Die Prüfungsstelle für Klasse E 06 B des Patentamts hat die unter Inanspruchnahme einer Priorität vom 1. August 1988 am 12. Juli 1989 angemeldete Patentanmeldung, betreffend einen
"Dichtstreifen"
mit Beschluß vom 15. Februar 2000 gemäß § 48 PatG zurückgewiesen. Der Gegenstand des Patentanspruches 1 vom 26. Februar 1998 sei durch die DE 27 02 245 A1 (1) in vollem Umfang vorweggenommen und daher mangels Neuheit nicht gewährbar.
Gegen diesen Beschluß hat die Anmelderin Beschwerde eingelegt. Sie trägt zur Begründung vor, die Ausbildung gemäß dem jetzt geltenden Anspruch 1 sei aus (1) nicht herleitbar und für den Durchschnittsfachmann nicht ohne erfinderische Überlegungen auffindbar.
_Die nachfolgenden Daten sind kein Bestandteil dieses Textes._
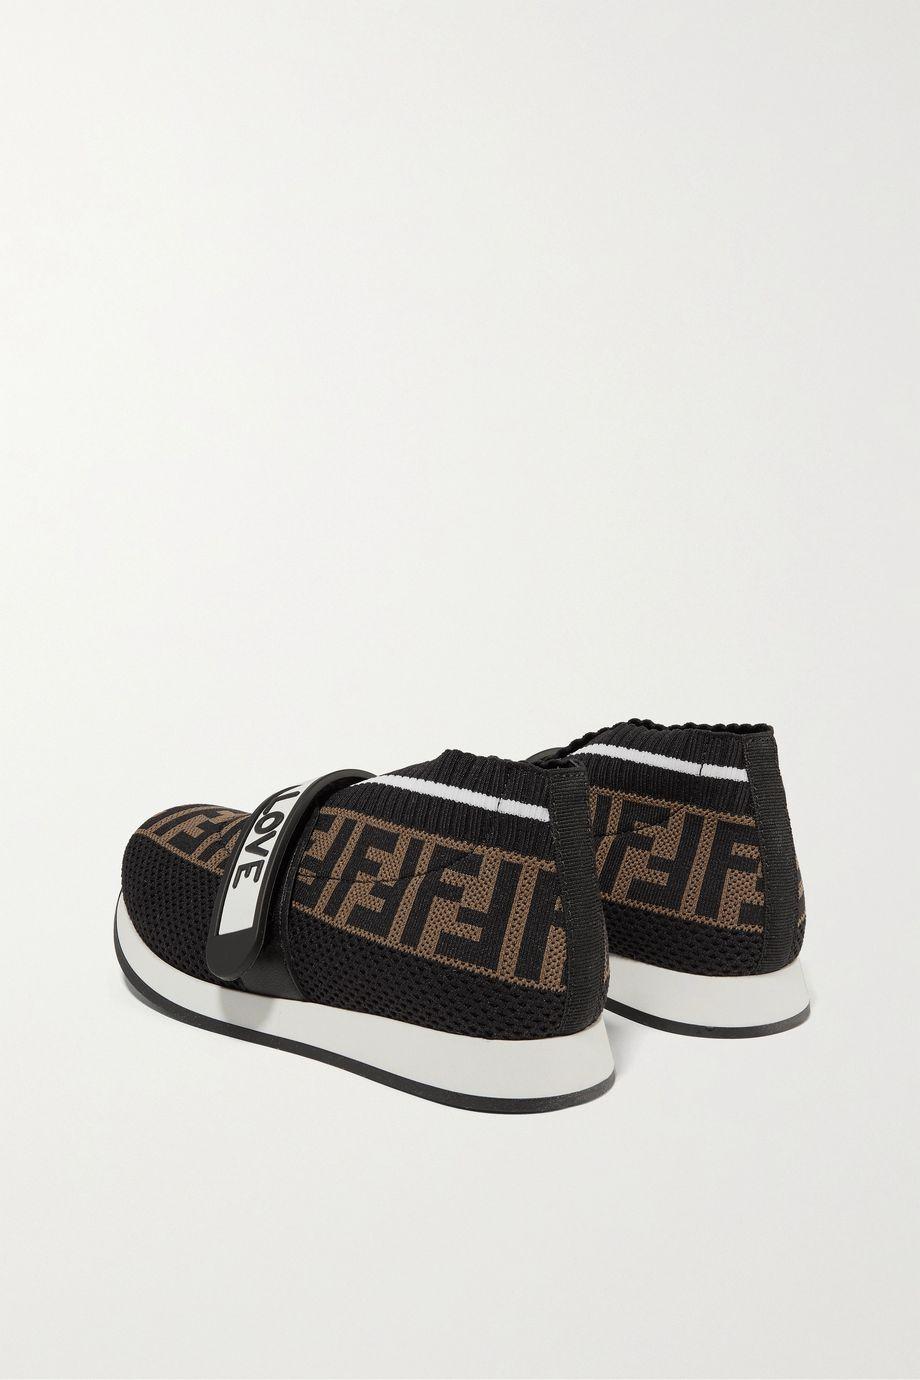 Fendi Kids 【32 - 35 码】品牌标志印花网眼氯丁橡胶运动鞋

Die GB 21 98 773 A (2) und die Veröffentlichung Pneuma-Seal der "The Presray Corporation" New York, USA, 1987 (3) vermittelten keine Anregungen im Sinne der vorliegenden Erfindung.
Sie beantragt, den angefochtenen Beschluß aufzuheben und das Patent zu erteilen auf der Grundlage der in der mündlichen Verhandlung überreichten Ansprüche 1-7, Beschreibung Spalte 1-5 sowie Figuren 1-4, außerdem Beschreibung Seite 1 vom 29. Januar 2001.
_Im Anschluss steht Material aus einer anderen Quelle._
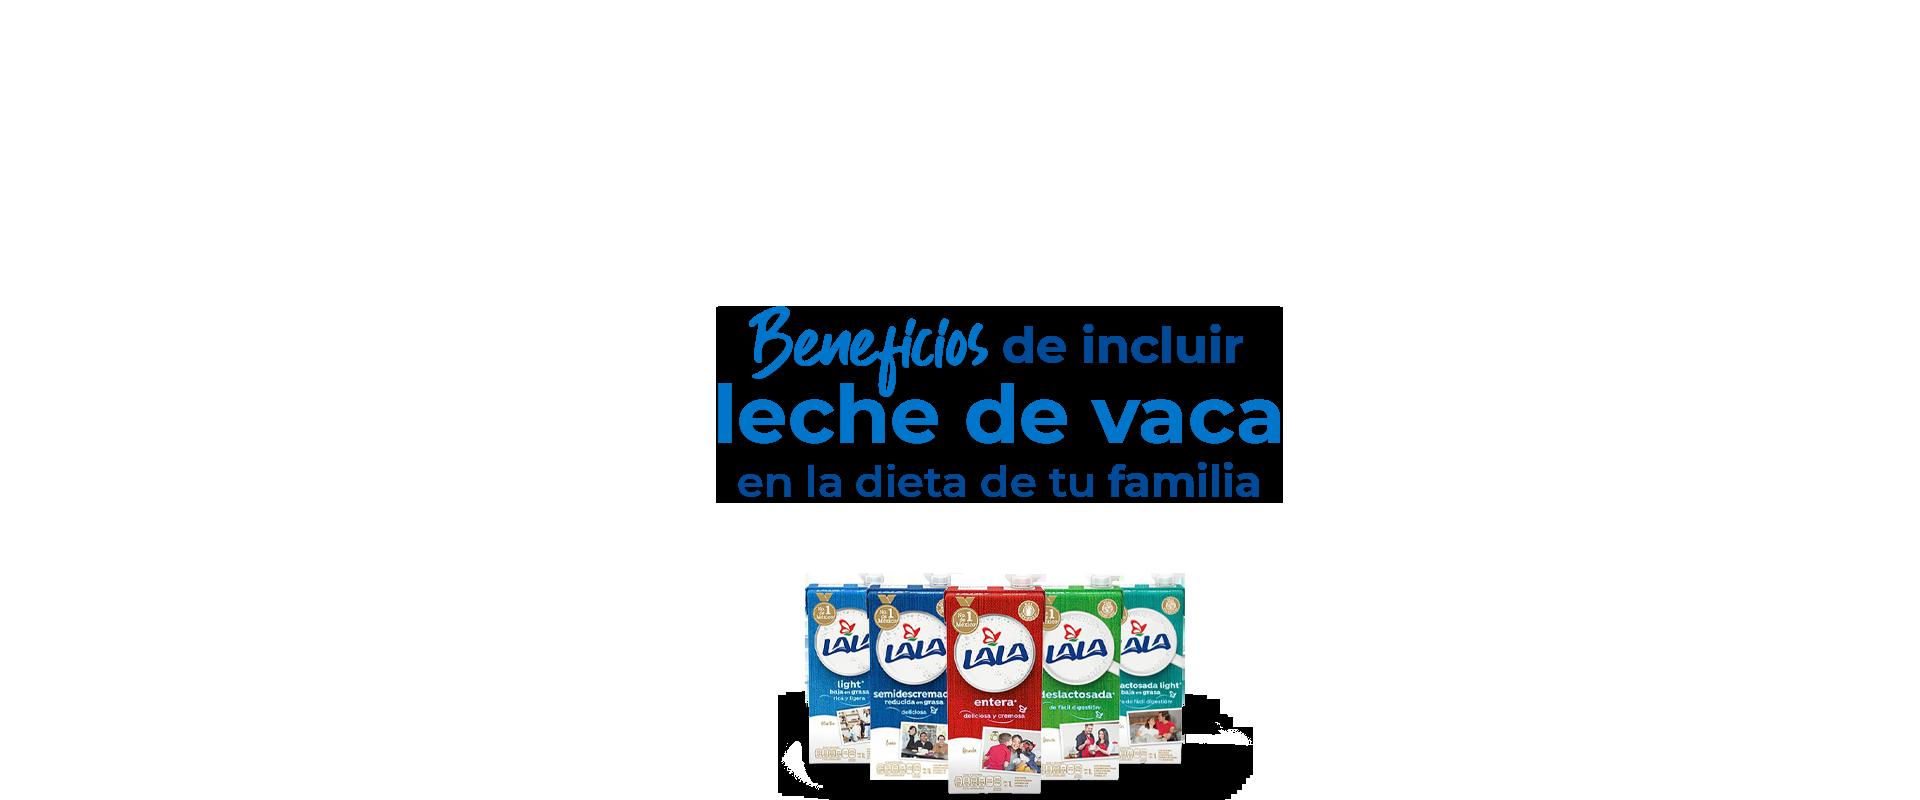 Beneficios de incluir leche de vaca en la dieta de tu familia

Wegen weiterer Einzelheiten hierzu und des weiteren Vorbringens wird auf die einschlägigen Schriftsätze verwiesen.
II.
Die zulässige Beschwerde hat in dem sich aus der Beschlußformel ergebenden Umfang Erfolg.
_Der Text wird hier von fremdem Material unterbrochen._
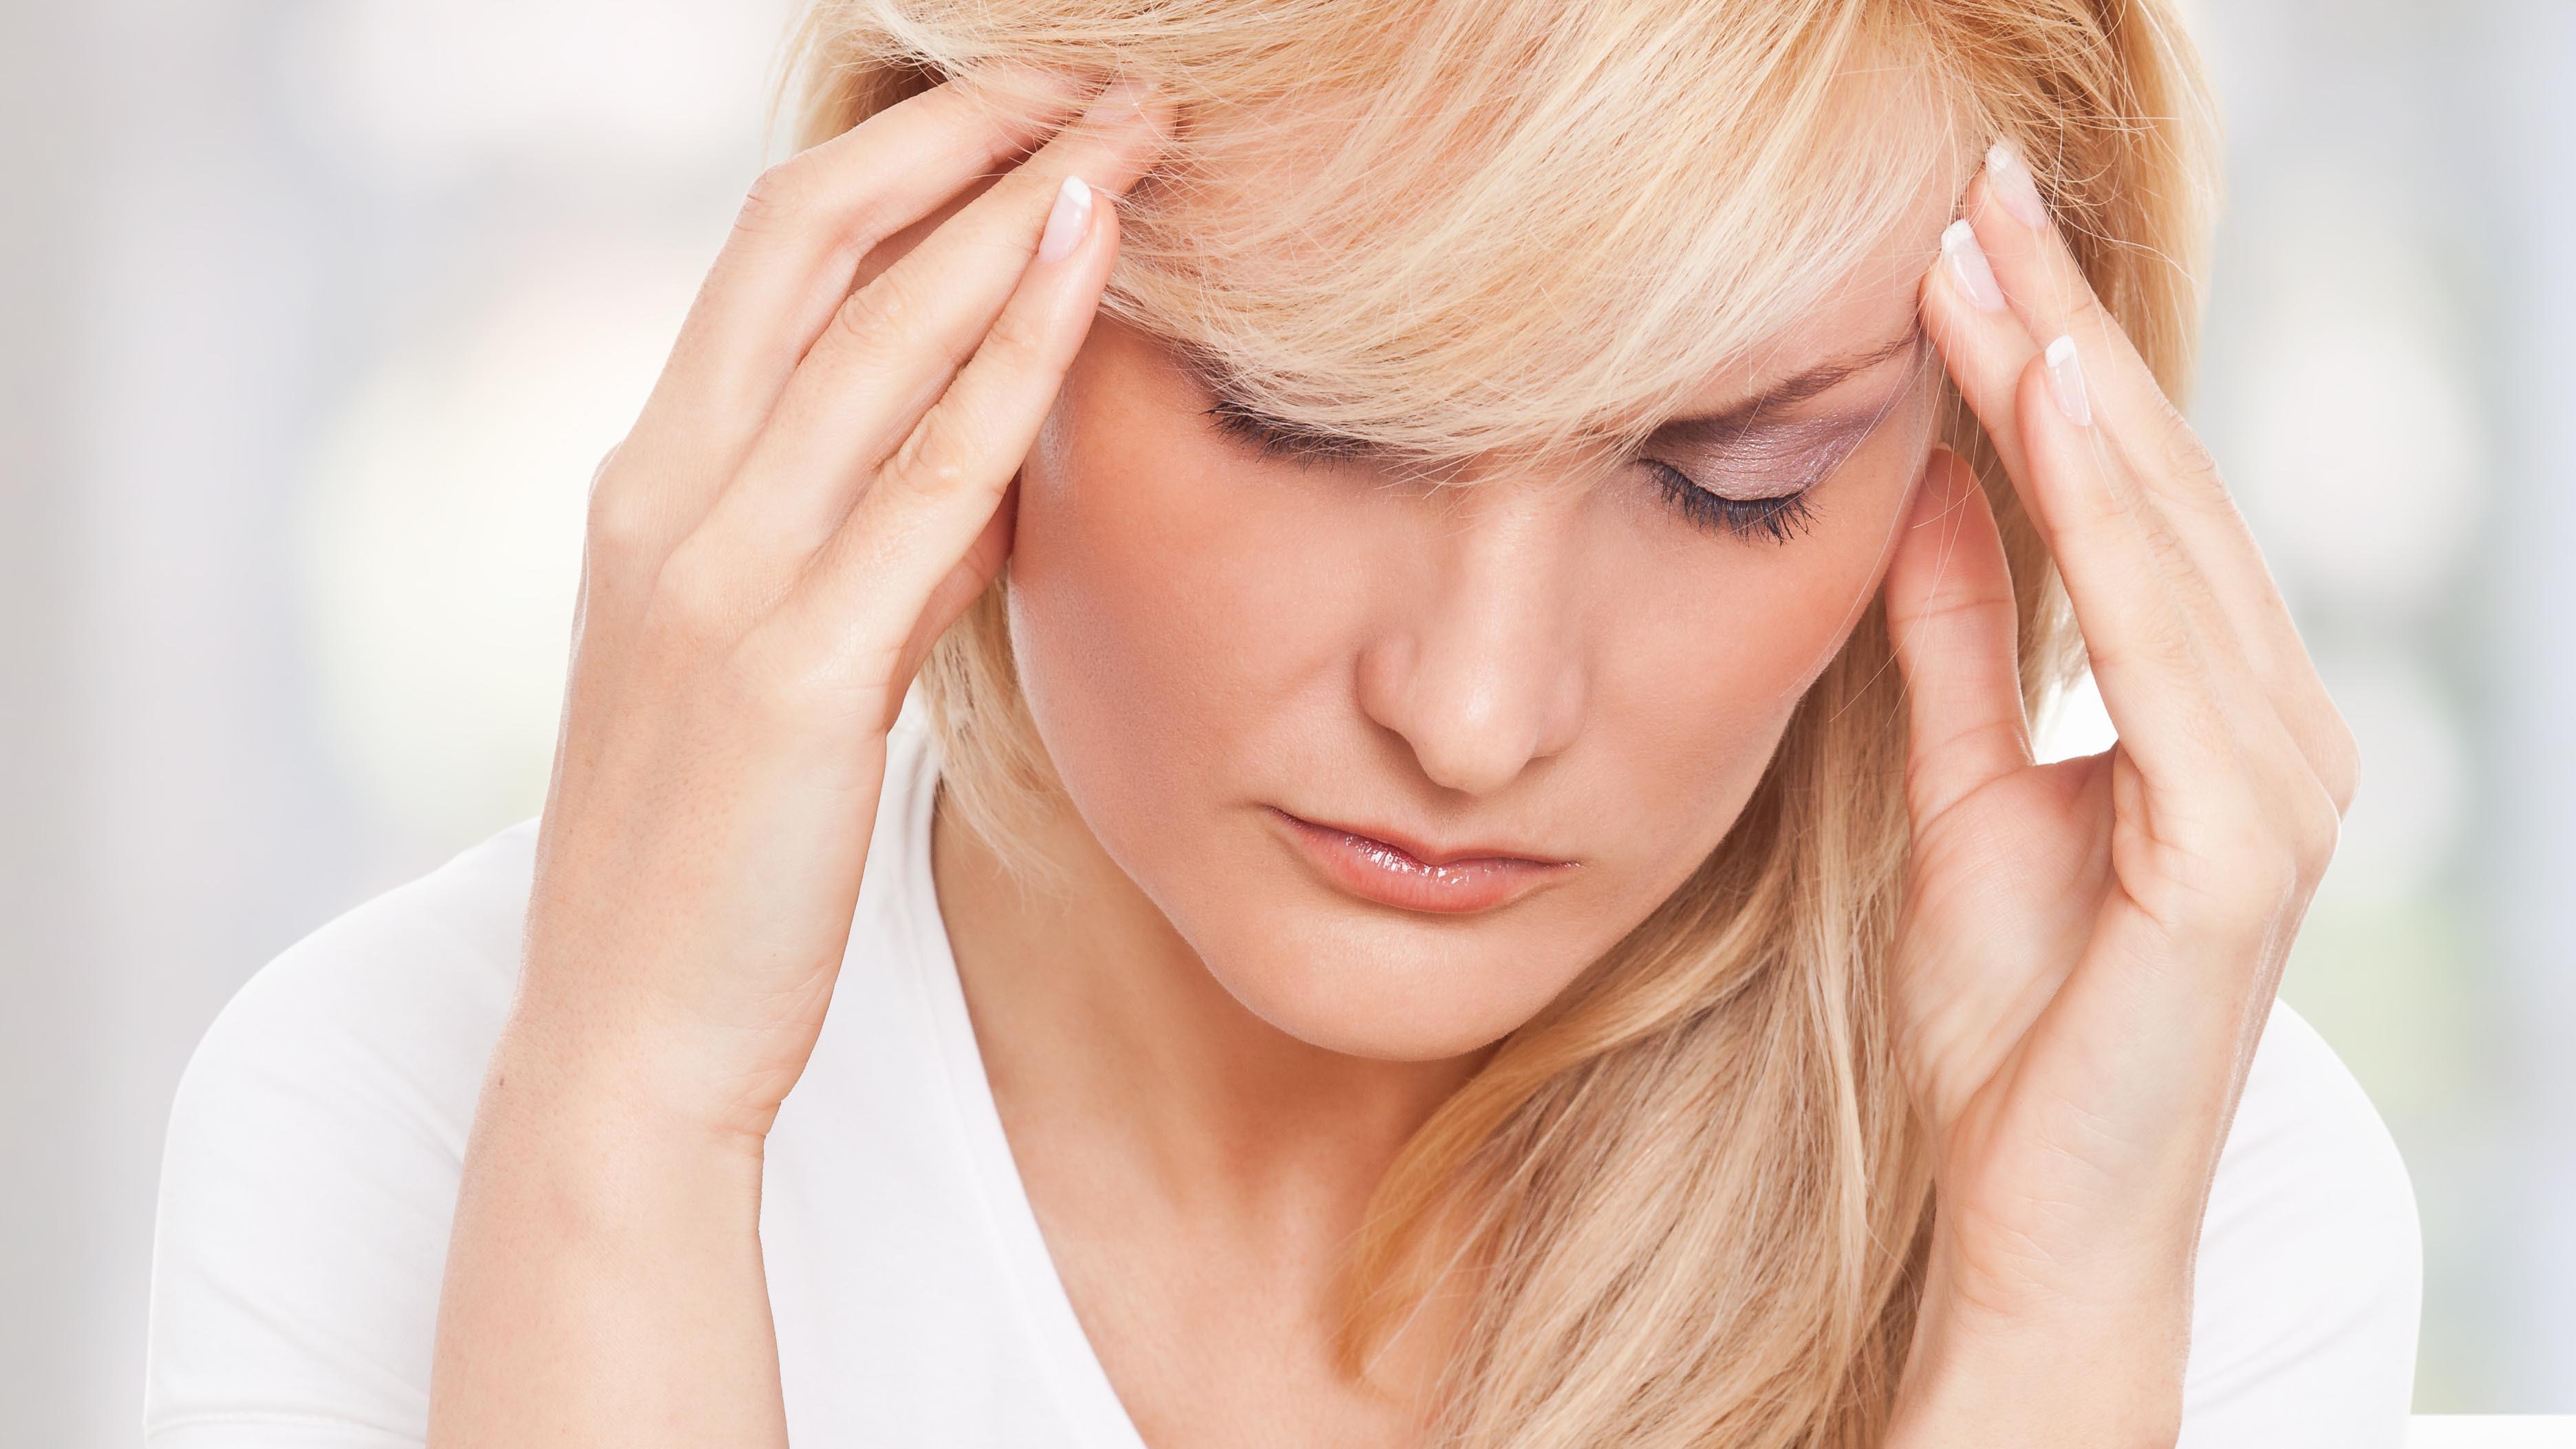 偏头痛的症状及治疗_偏头痛缓解小技巧2

Der geltende Patentanspruch 1 lautet:
"Dichtstreifen mit einer Dichtlippe (38, 56) zum dichtenden Anliegen an der Oberfläche eines Flächenelements (8), welches relativ zu einem Rahmen (6) beweglich ist, der den Dichtstreifen (14) trägt, wobei der Dichtstreifen (14) eine Hohlkammer (36, 58) mit einer festen und einer flexiblen (34, 54) Wand sowie ferner eine verschwenkbare Wand aufweist, die durch eine Formänderung der flexiblen Wand (34, 54) bewirkende Druckänderung in der Hohlkammer (36, 58) zwischen einer einen Spalt (10) zwischen Rahmen (6) und Flächenelement (8) überbrückenden Anlagestellung und einer Außereingriffstellung verschwenkbar ist, wobei sich der Drehpunkt (A, B) der Verschwenkbewegung zwischen der verschwenkbaren Wand und der festen Wand befindet, dadurch gekennzeichnet, daß die verschwenkbare Wand (Schenkel 40) über den Drehpunkt (A, B) hinaus verlängert und relativ steif ausgebildet ist, und daß am Ende der Verlängerung die Dichtlippe (38, 56) ausgebildet ist."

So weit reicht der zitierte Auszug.